SUPPLIED DATA:
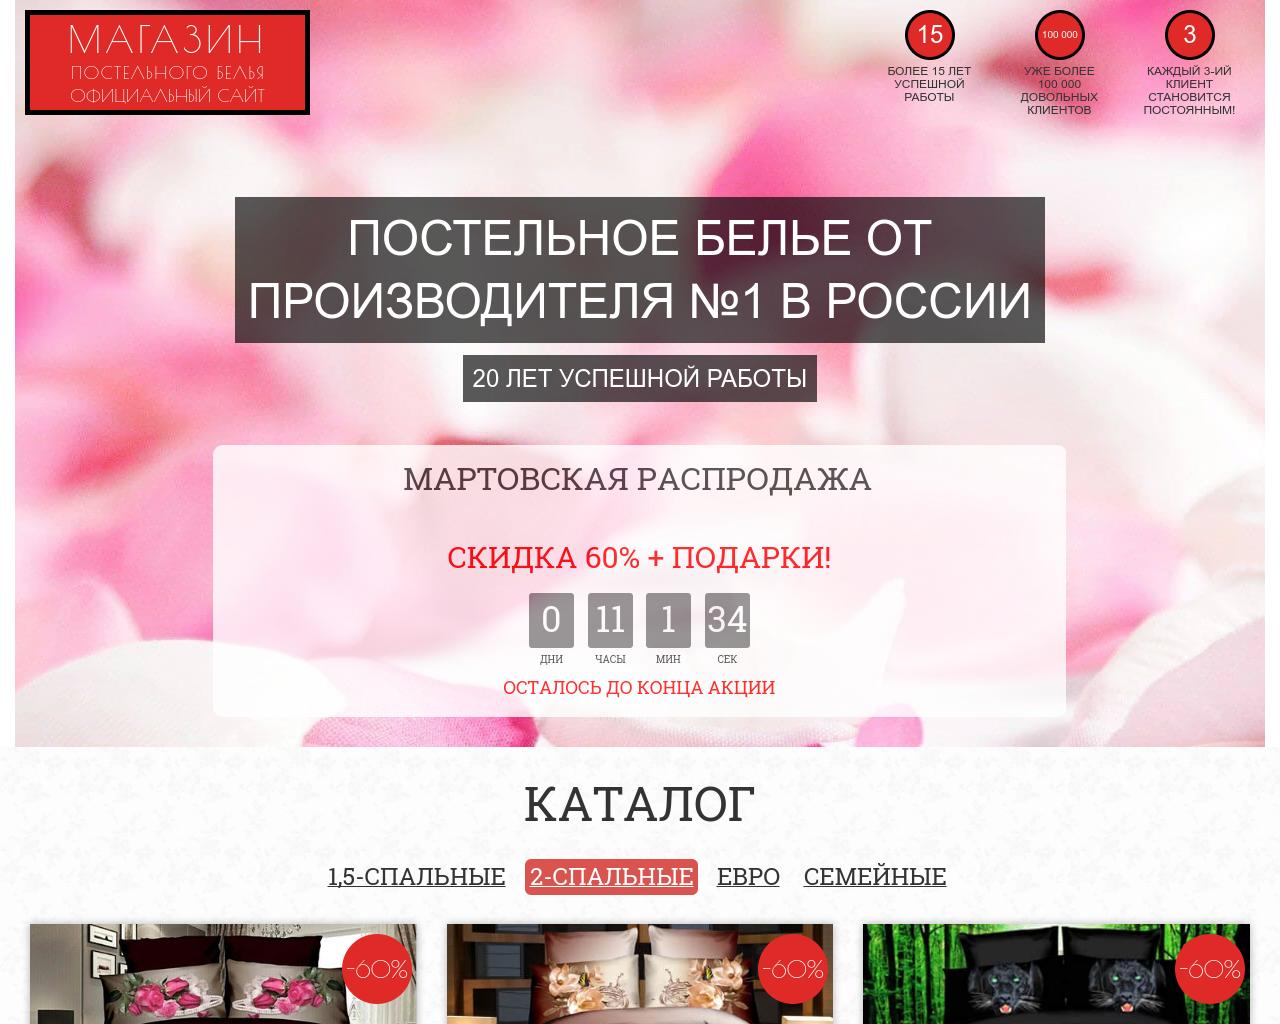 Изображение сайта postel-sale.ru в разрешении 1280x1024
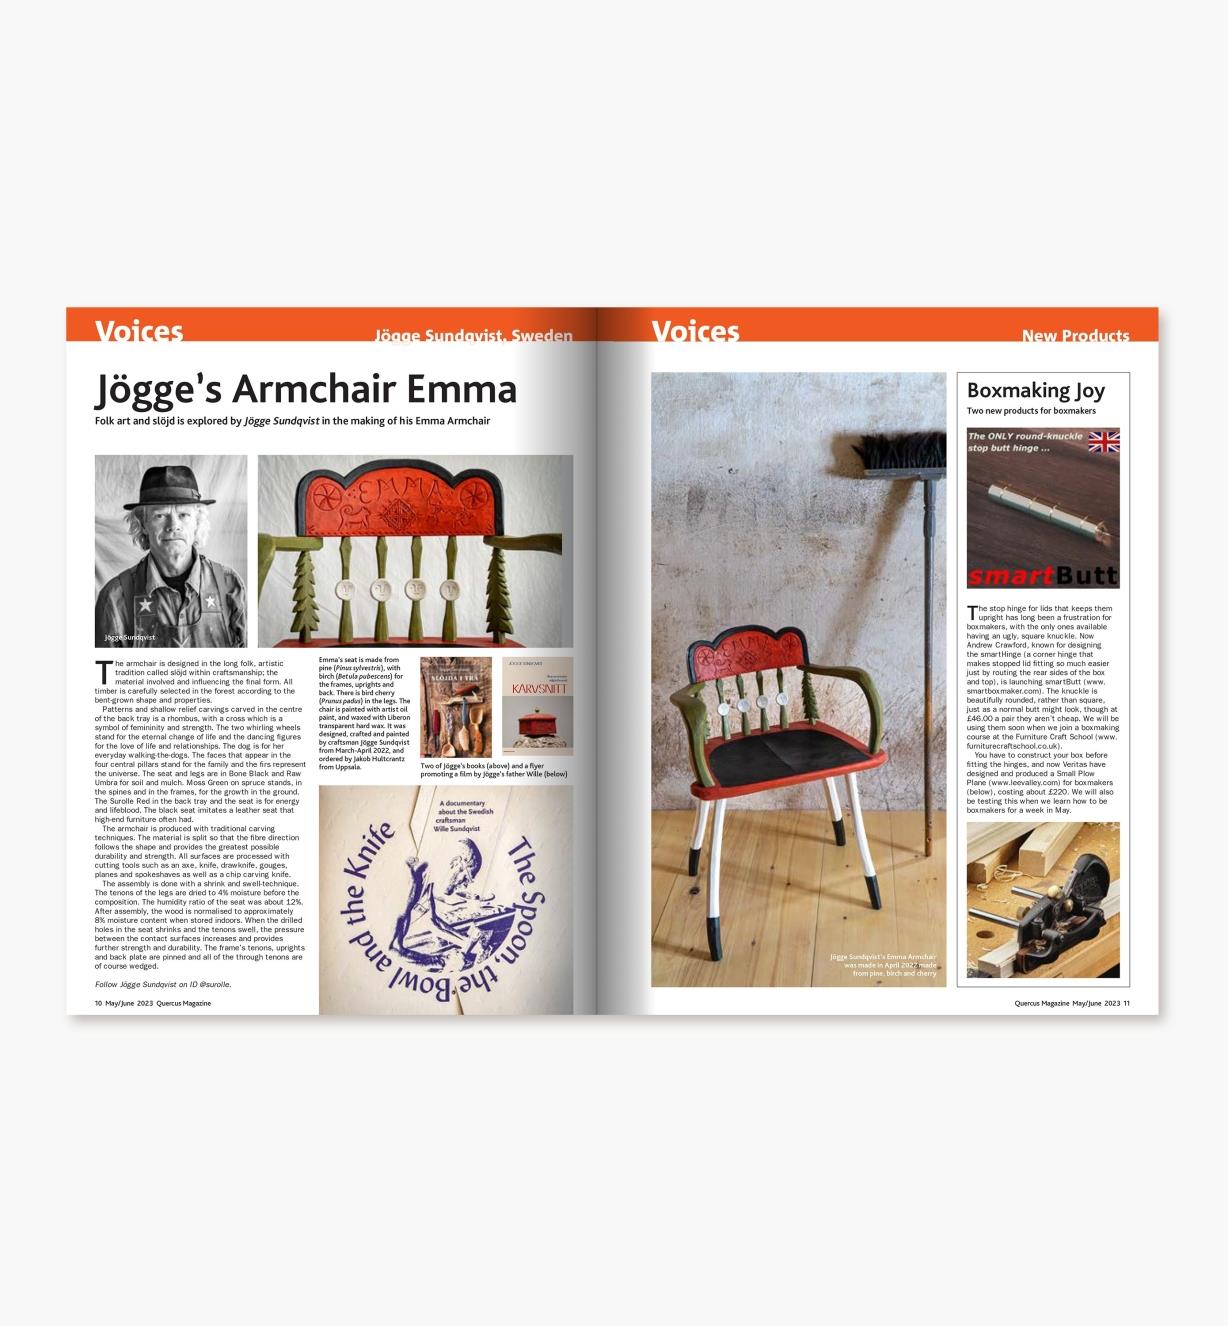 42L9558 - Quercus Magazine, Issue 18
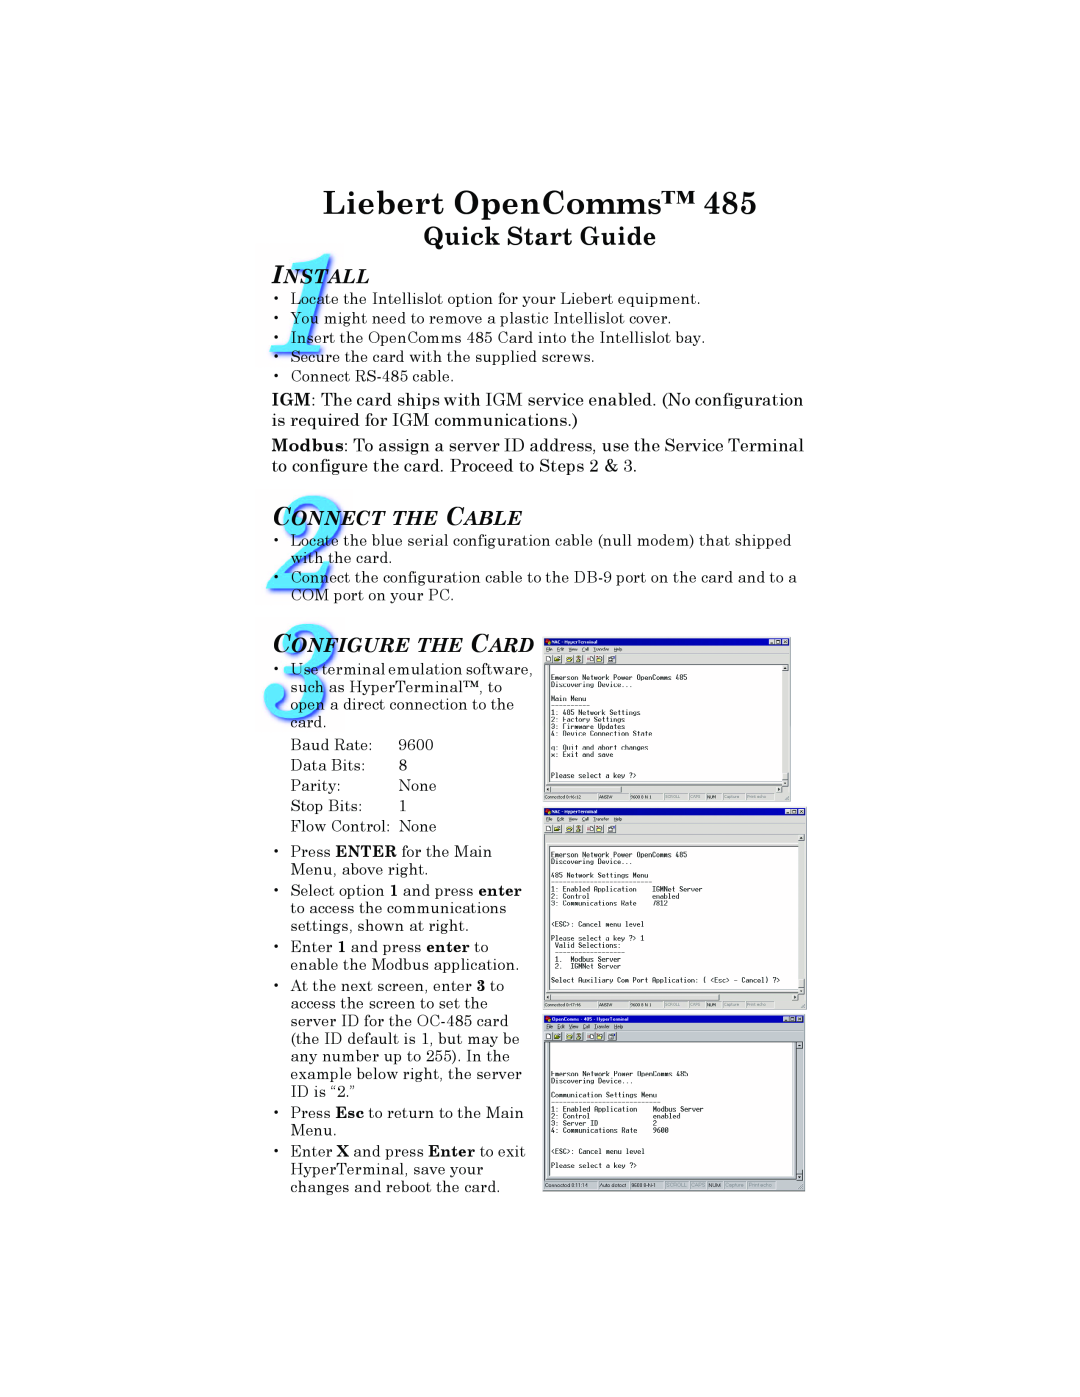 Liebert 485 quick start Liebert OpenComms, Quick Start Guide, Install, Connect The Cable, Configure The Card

TASK GOAL: Repeat the material exactly and drop each image.

RESULT FOR THIS TASK:
 Изображение сайта postel-sale.ru в разрешении 1280x1024
 42L9558 - Quercus Magazine, Issue 18
 Liebert 485 quick start Liebert OpenComms, Quick Start Guide, Install, Connect The Cable, Configure The Card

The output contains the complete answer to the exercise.